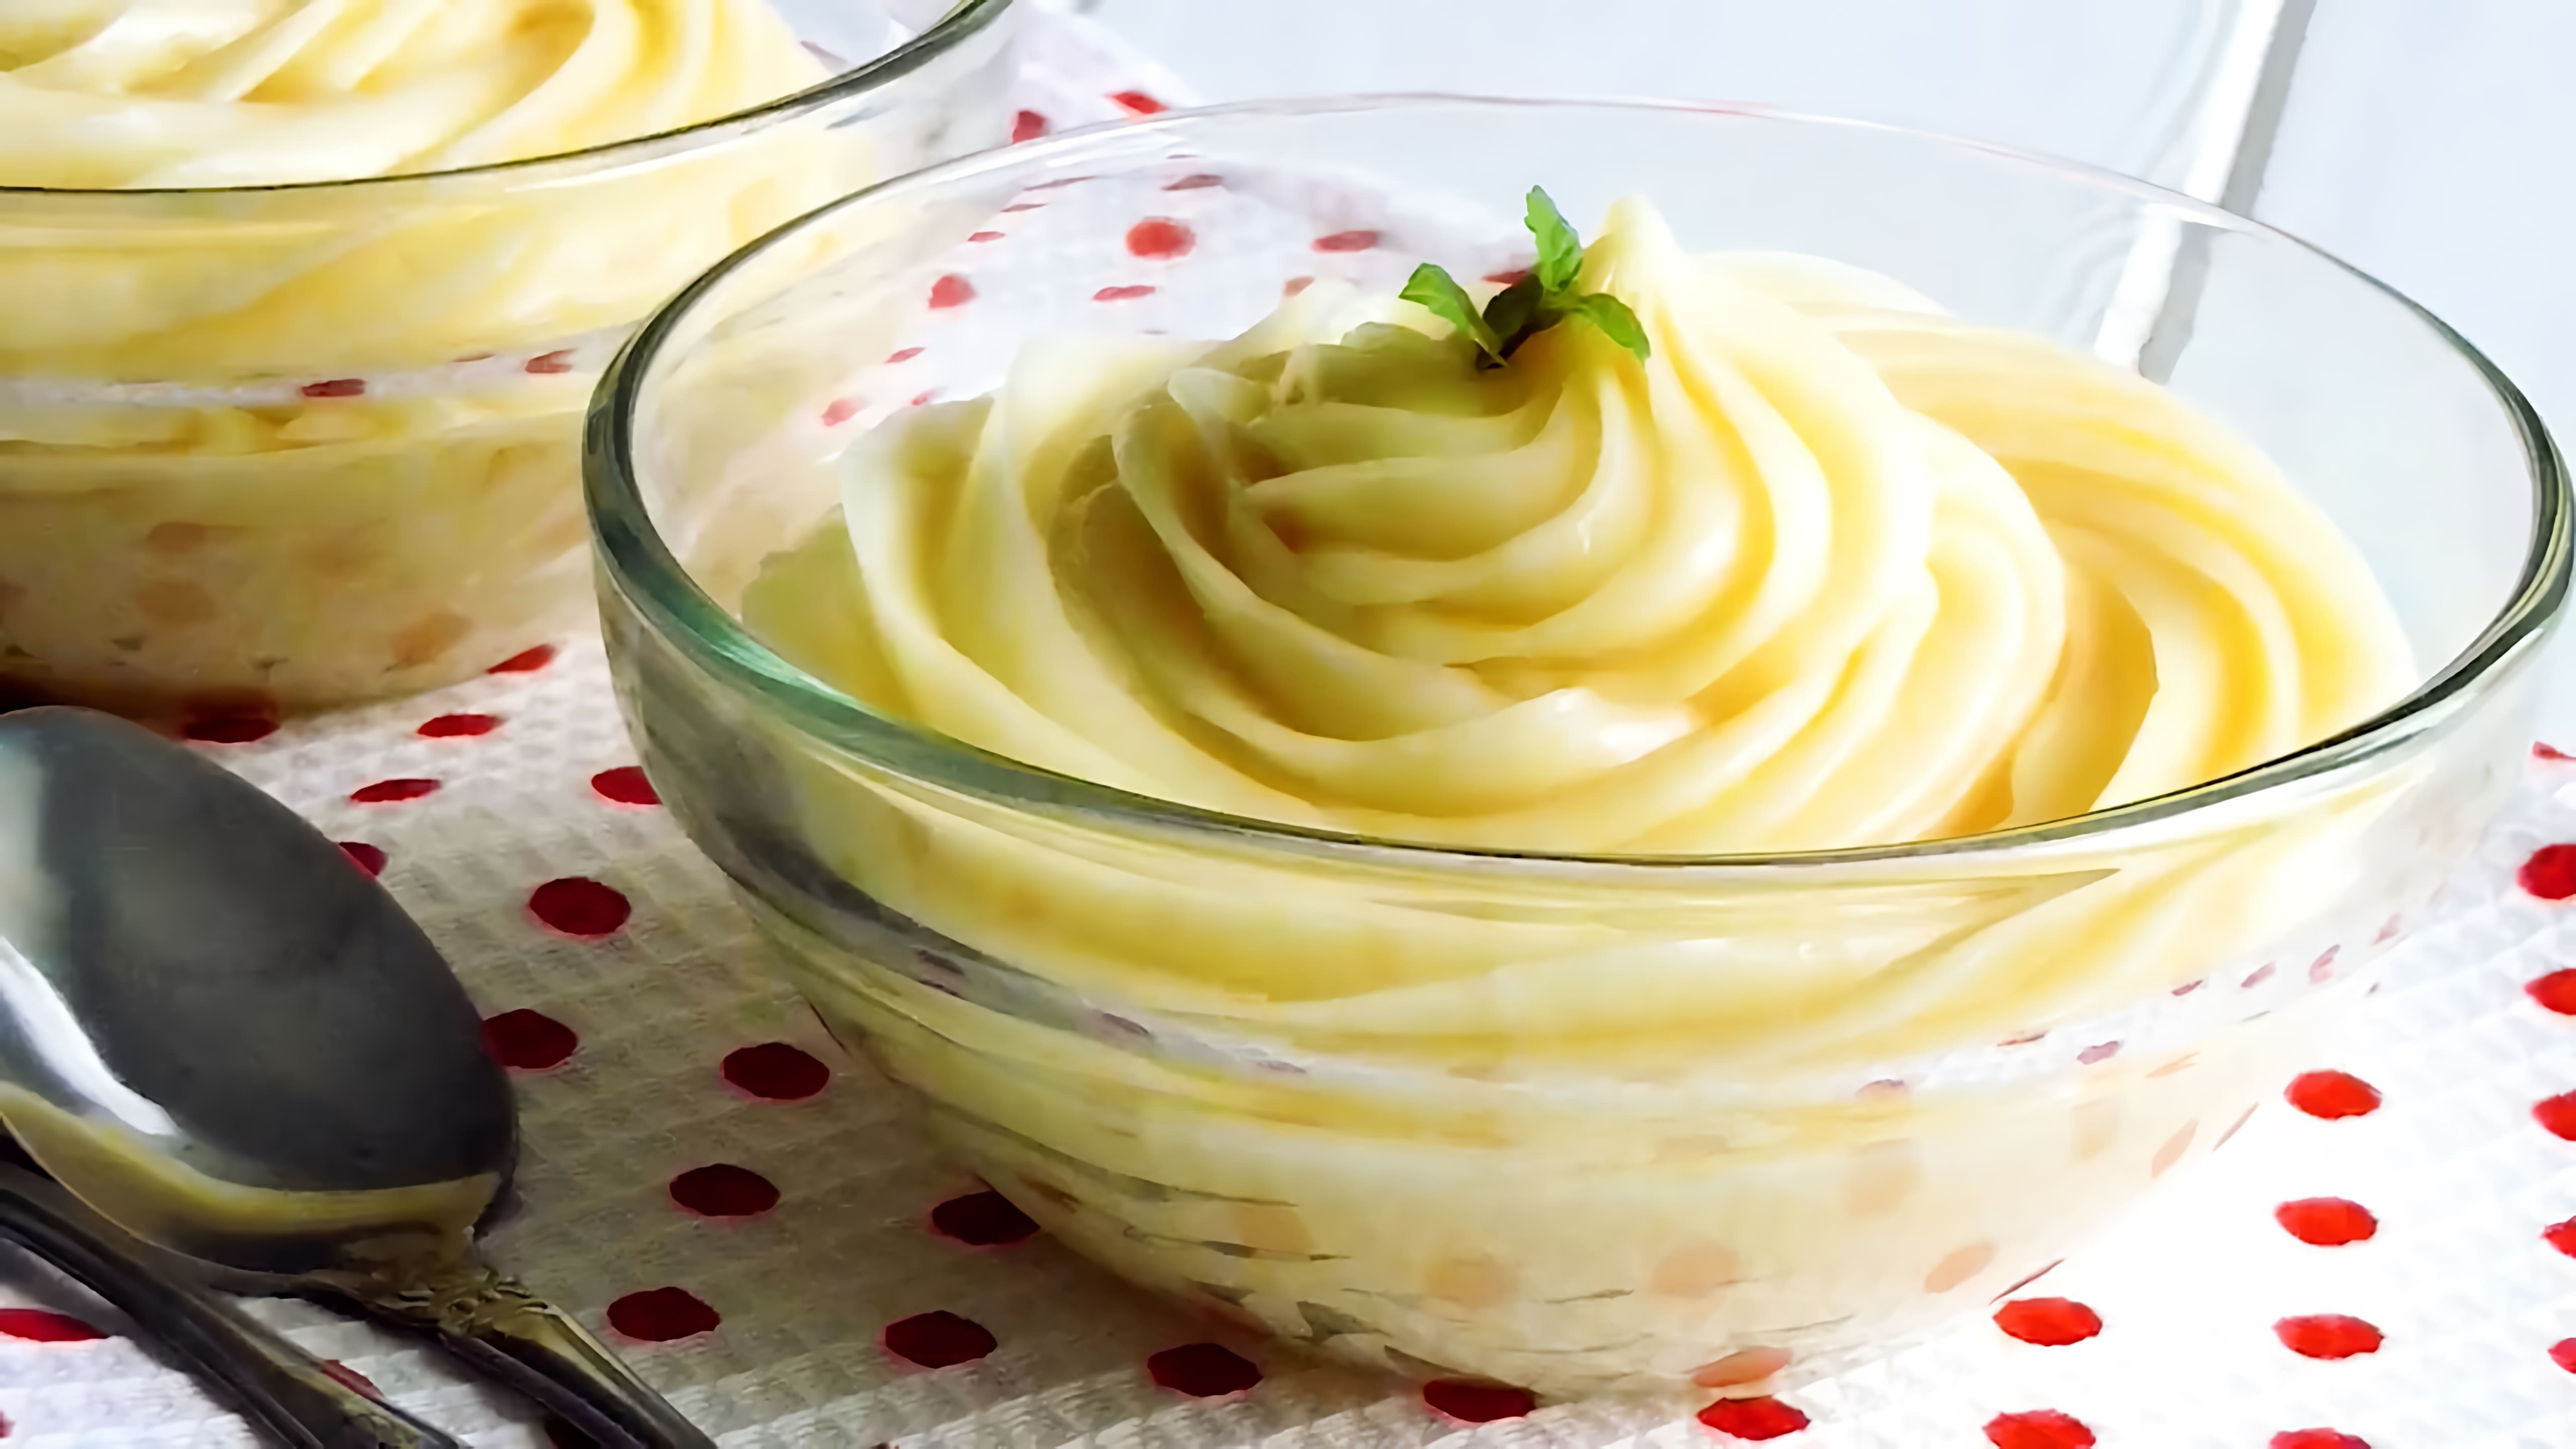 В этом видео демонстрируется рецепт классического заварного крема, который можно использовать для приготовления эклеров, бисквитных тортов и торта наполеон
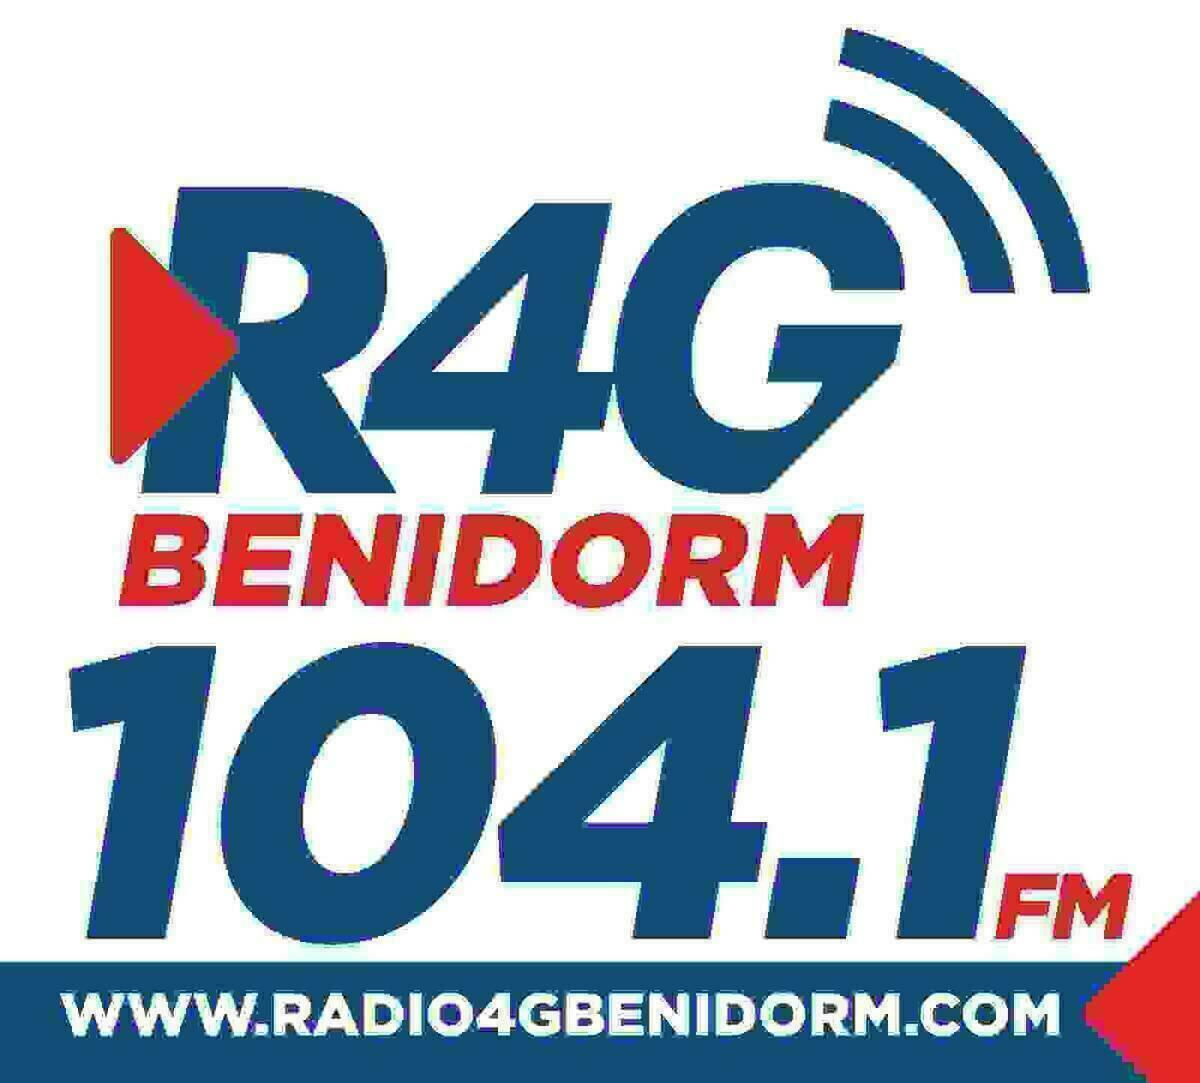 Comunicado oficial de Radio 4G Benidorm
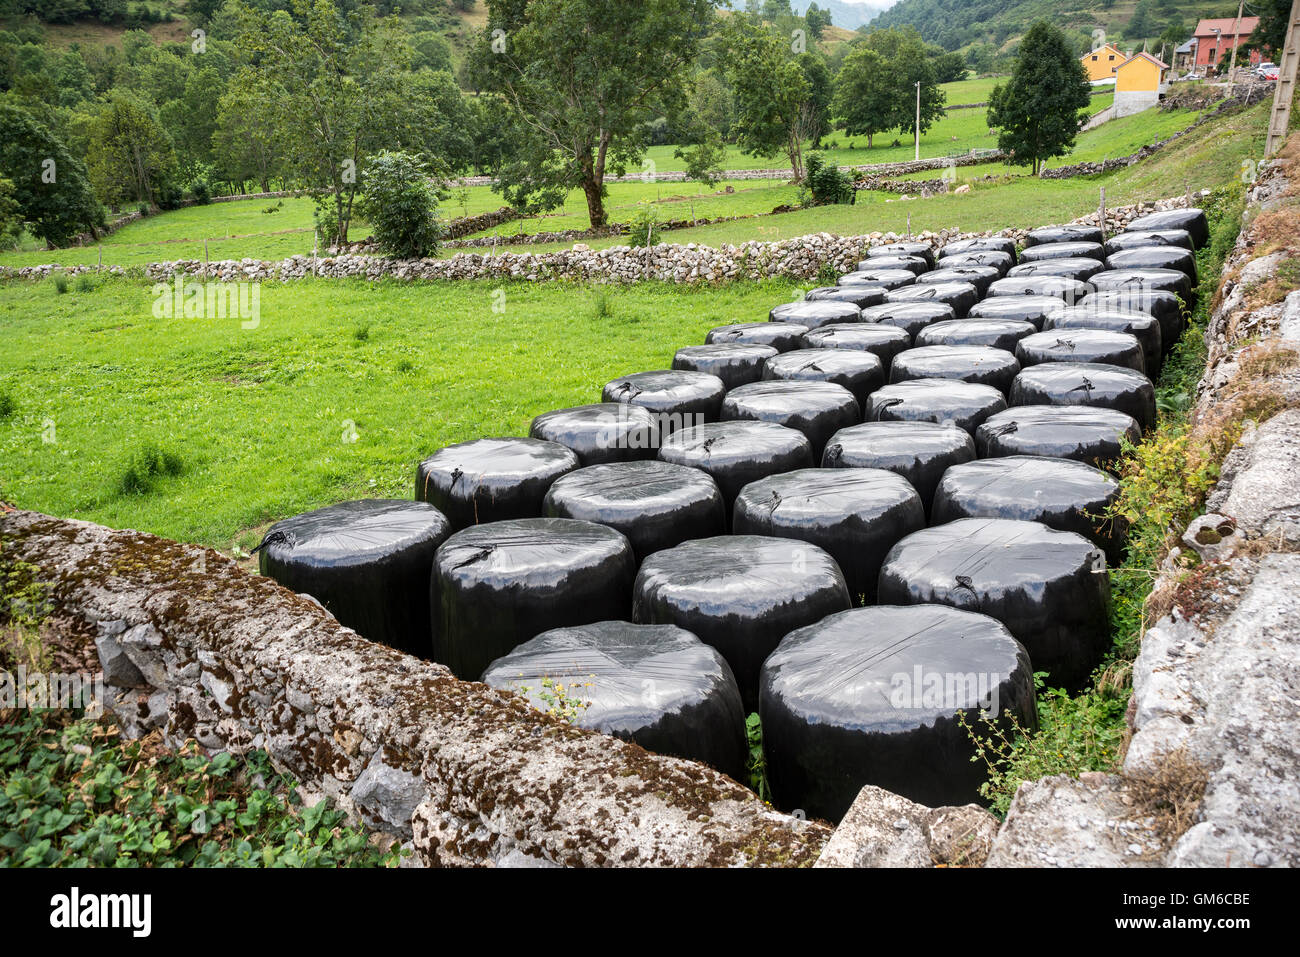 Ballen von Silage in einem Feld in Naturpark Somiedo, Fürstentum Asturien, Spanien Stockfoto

____________

No pictures go in the copy. Set down all the data exactly.

 В этом видео демонстрируется рецепт классического заварного крема, который можно использовать для приготовления эклеров, бисквитных тортов и торта наполеон
 Comunicado oficial de Radio 4G Benidorm
 Ballen von Silage in einem Feld in Naturpark Somiedo, Fürstentum Asturien, Spanien Stockfoto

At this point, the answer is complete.